INPUT DATA:
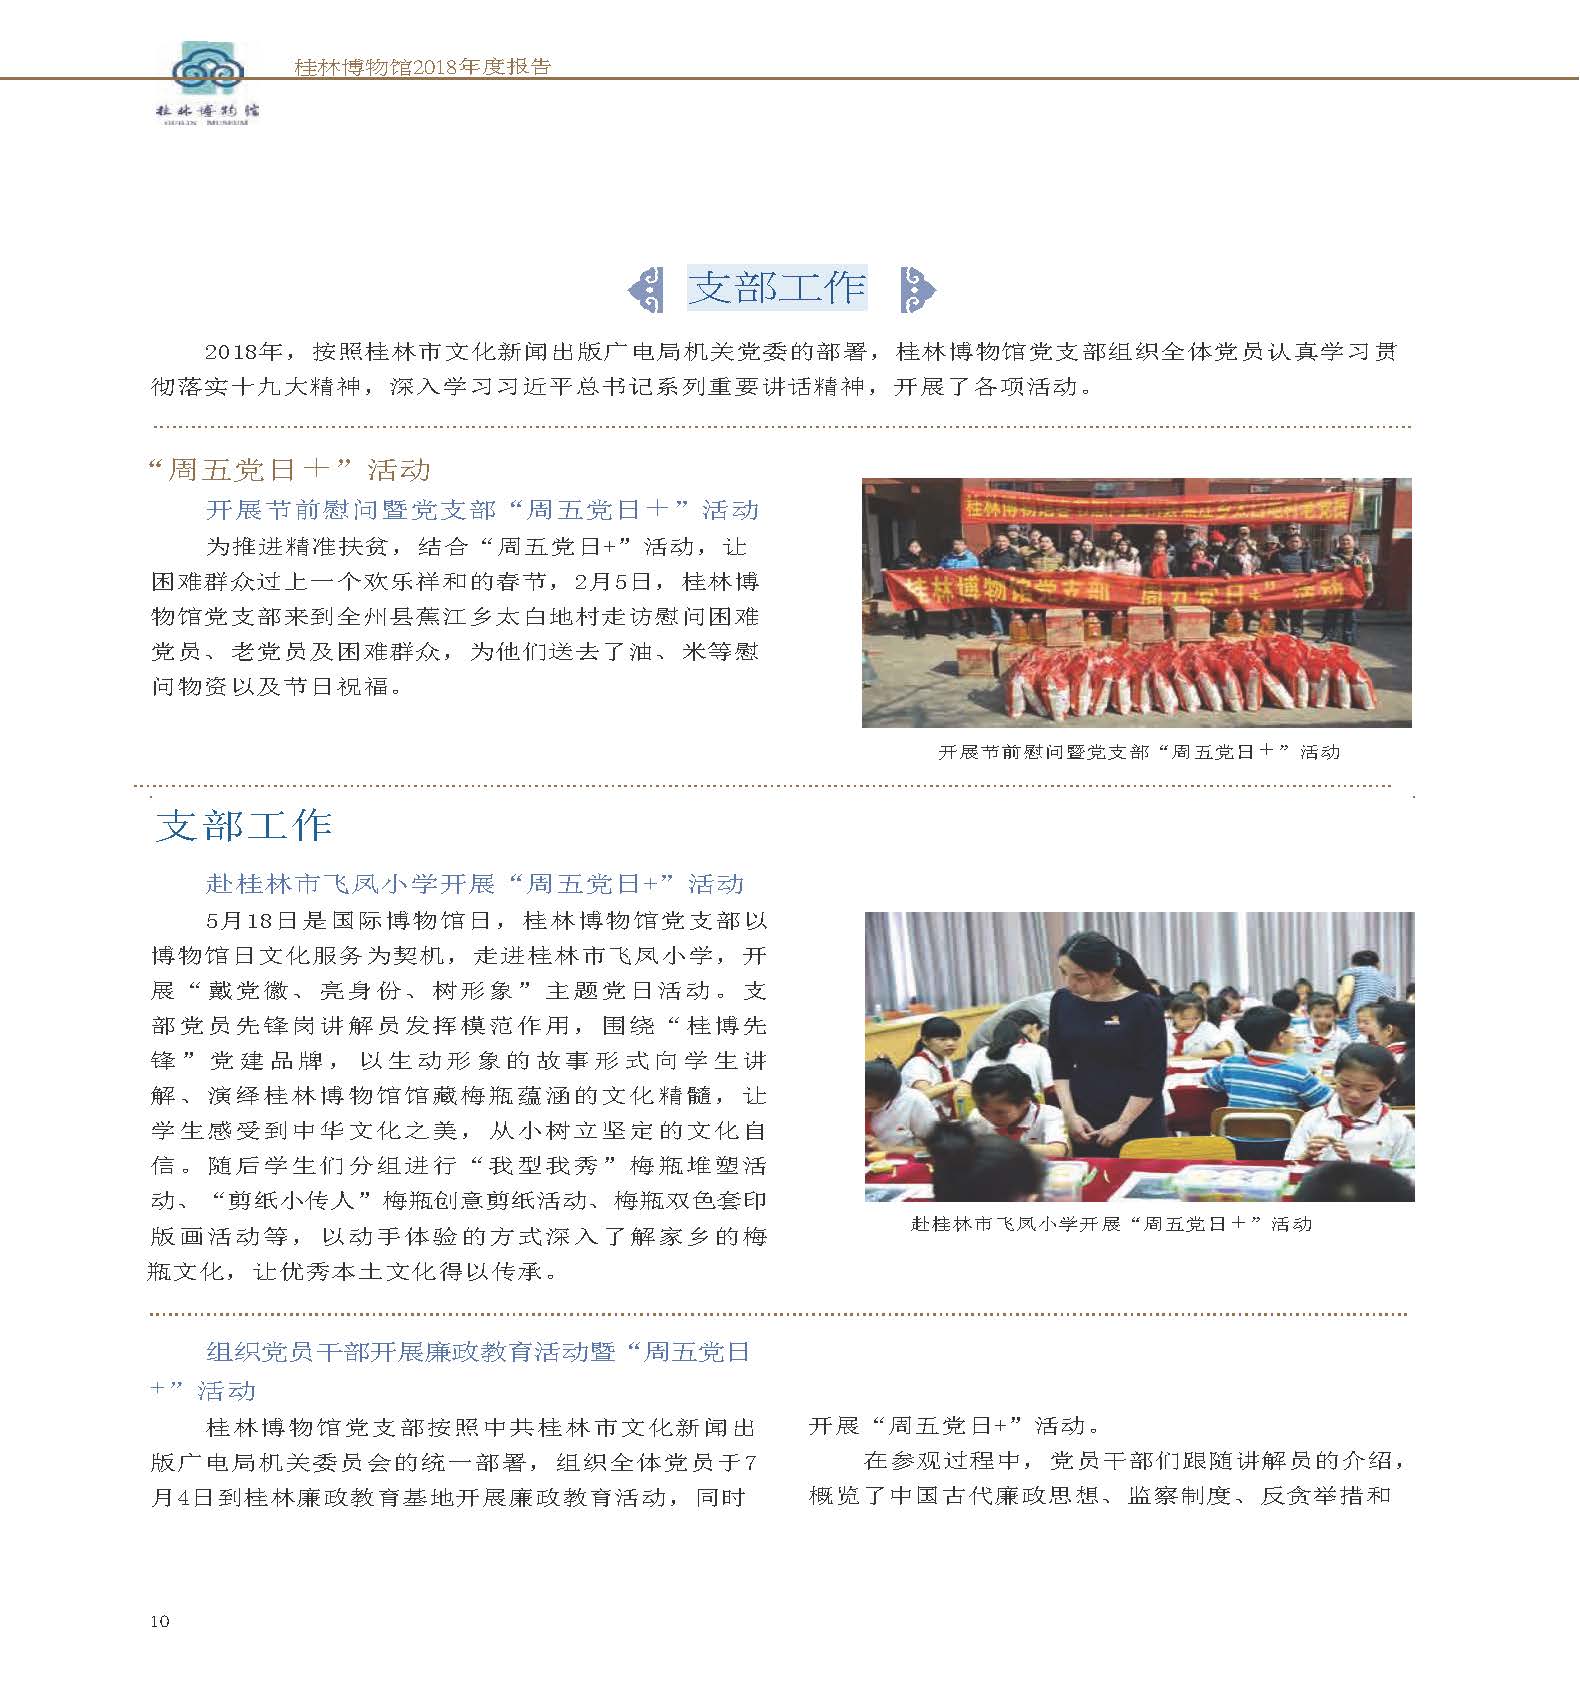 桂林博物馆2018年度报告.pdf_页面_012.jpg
---
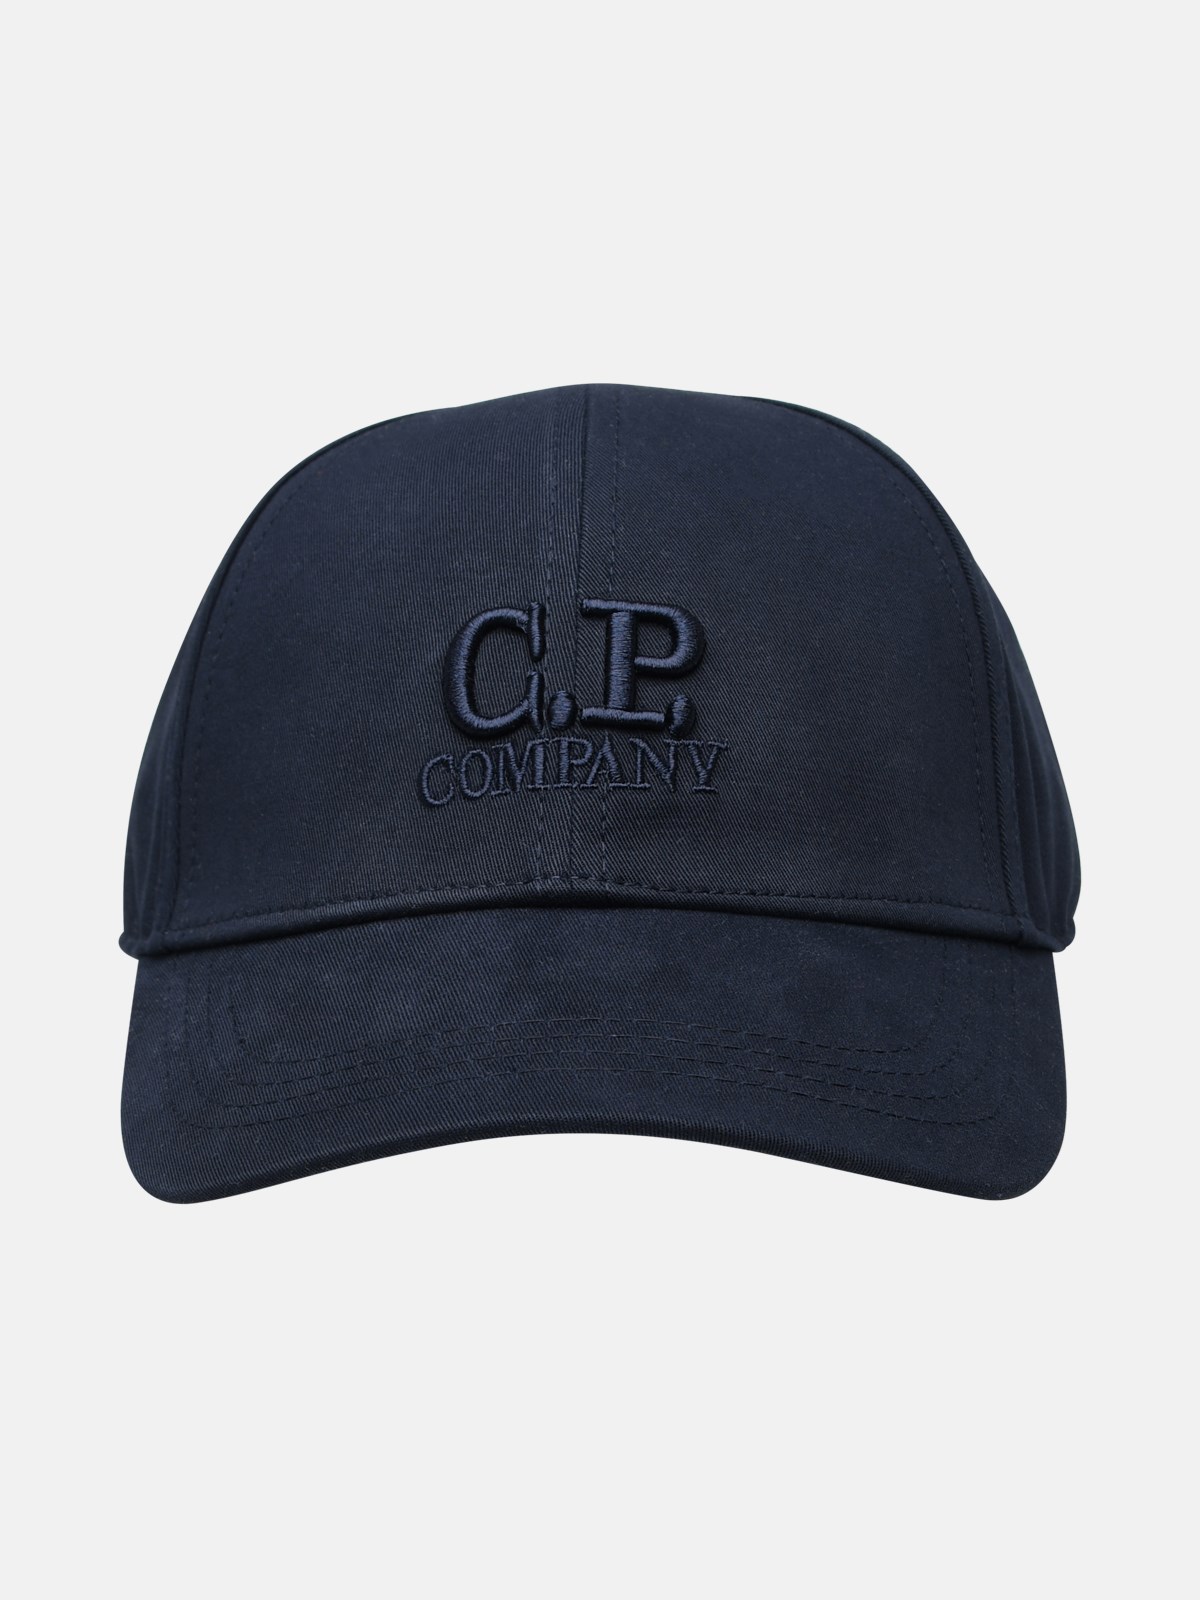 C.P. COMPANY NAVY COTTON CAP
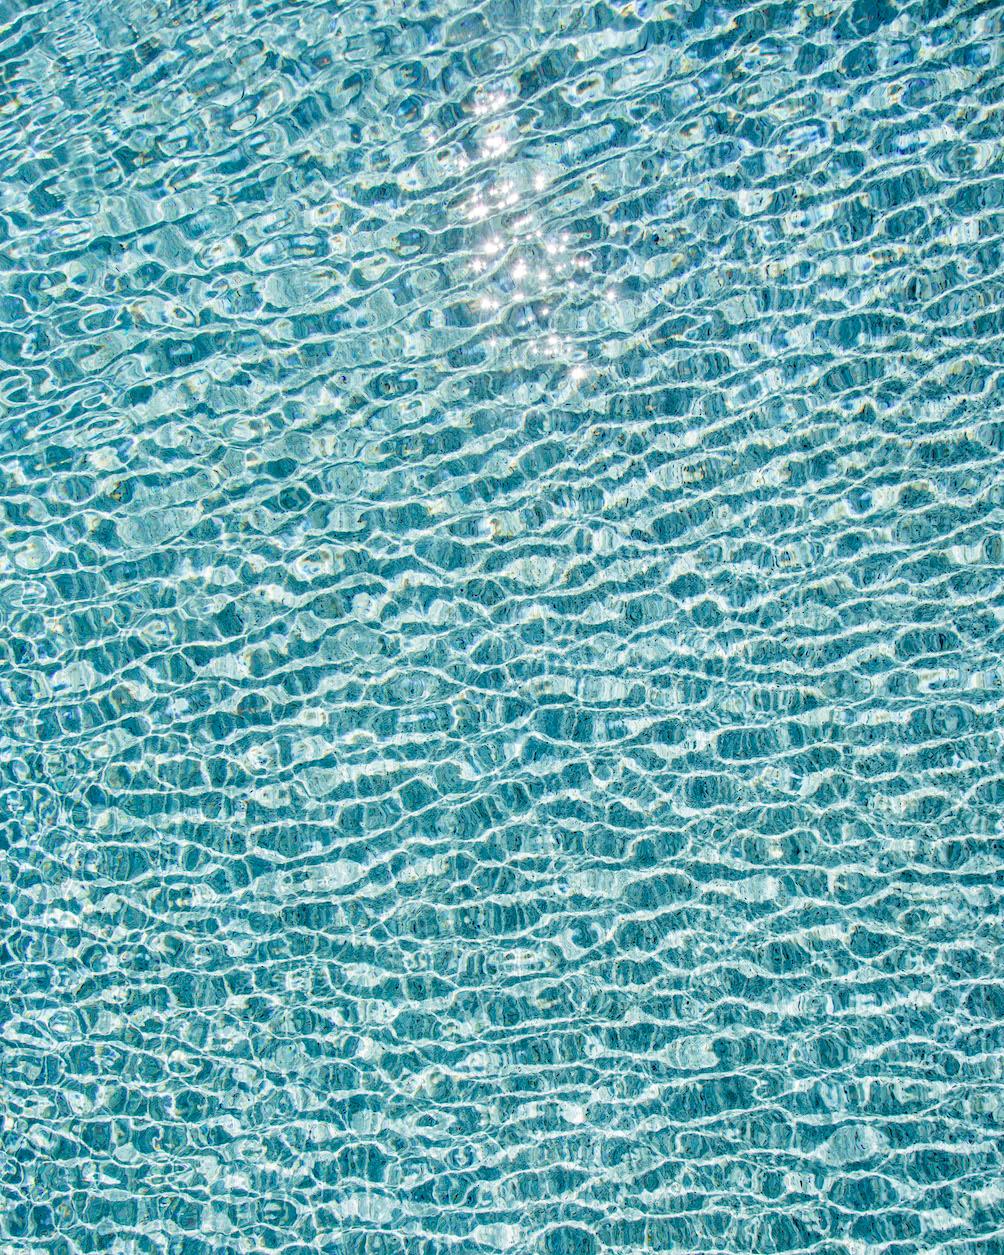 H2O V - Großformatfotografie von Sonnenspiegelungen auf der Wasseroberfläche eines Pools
---
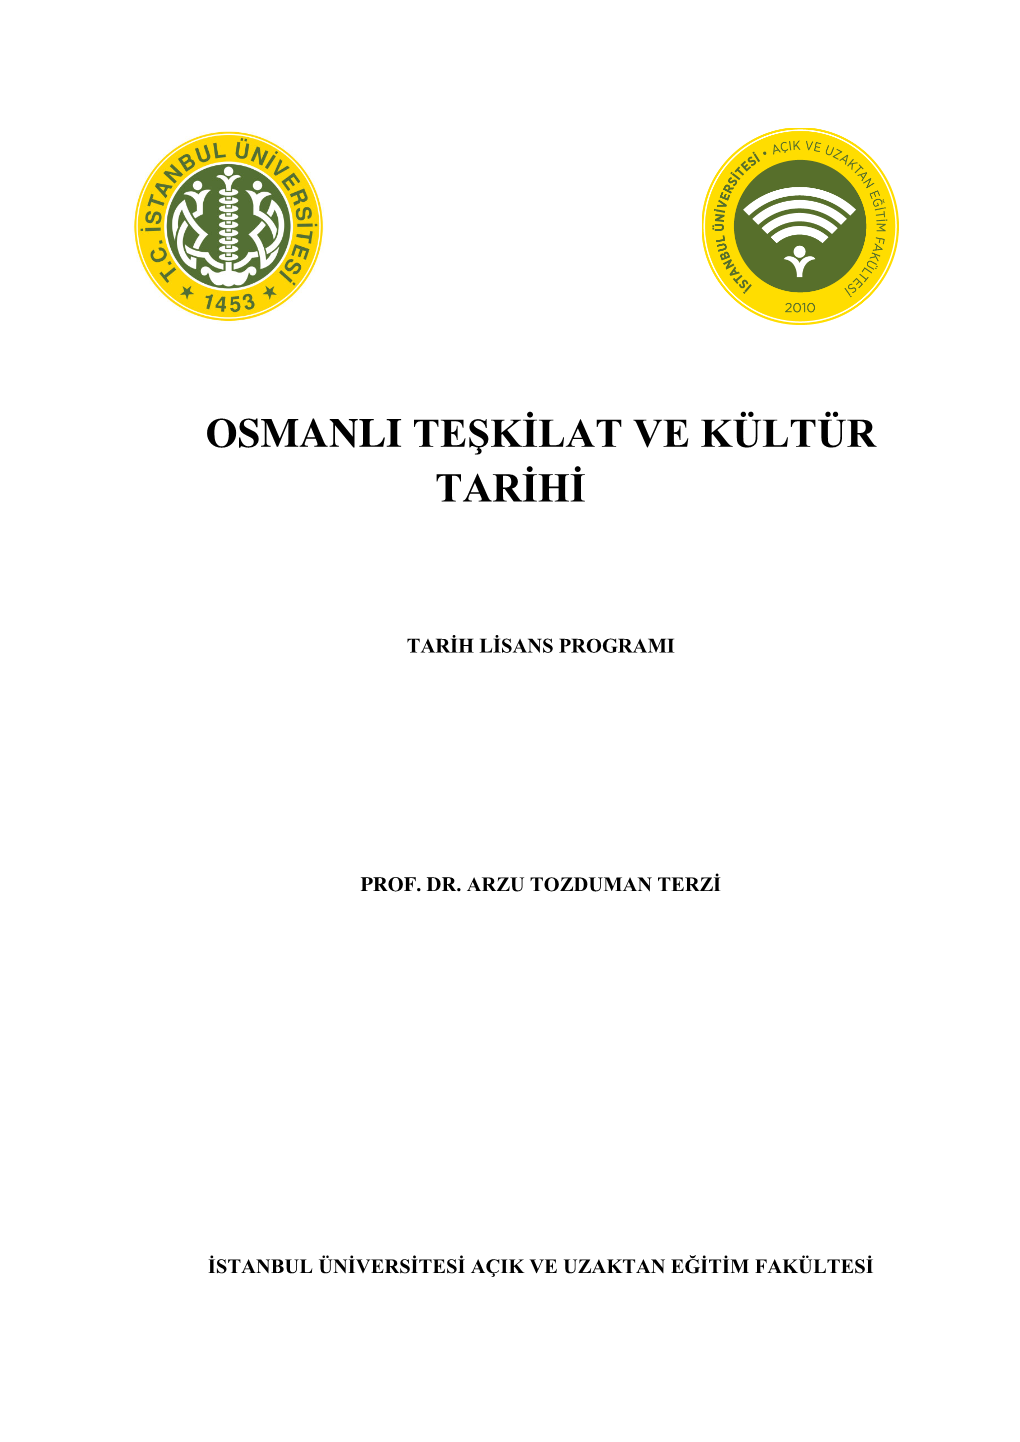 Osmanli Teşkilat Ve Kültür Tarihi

EXERCISE DIRECTIONS: In the listing above, find the line containing "C.P. COMPANY NAVY COTTON CAP". Output it and every line after it up to and including the line containing "H2O V - Großformatfotografie", exactly, but skip the pictures.

SOLUTION TO THIS EXERCISE:
 C.P. COMPANY NAVY COTTON CAP
 H2O V - Großformatfotografie von Sonnenspiegelungen auf der Wasseroberfläche eines Pools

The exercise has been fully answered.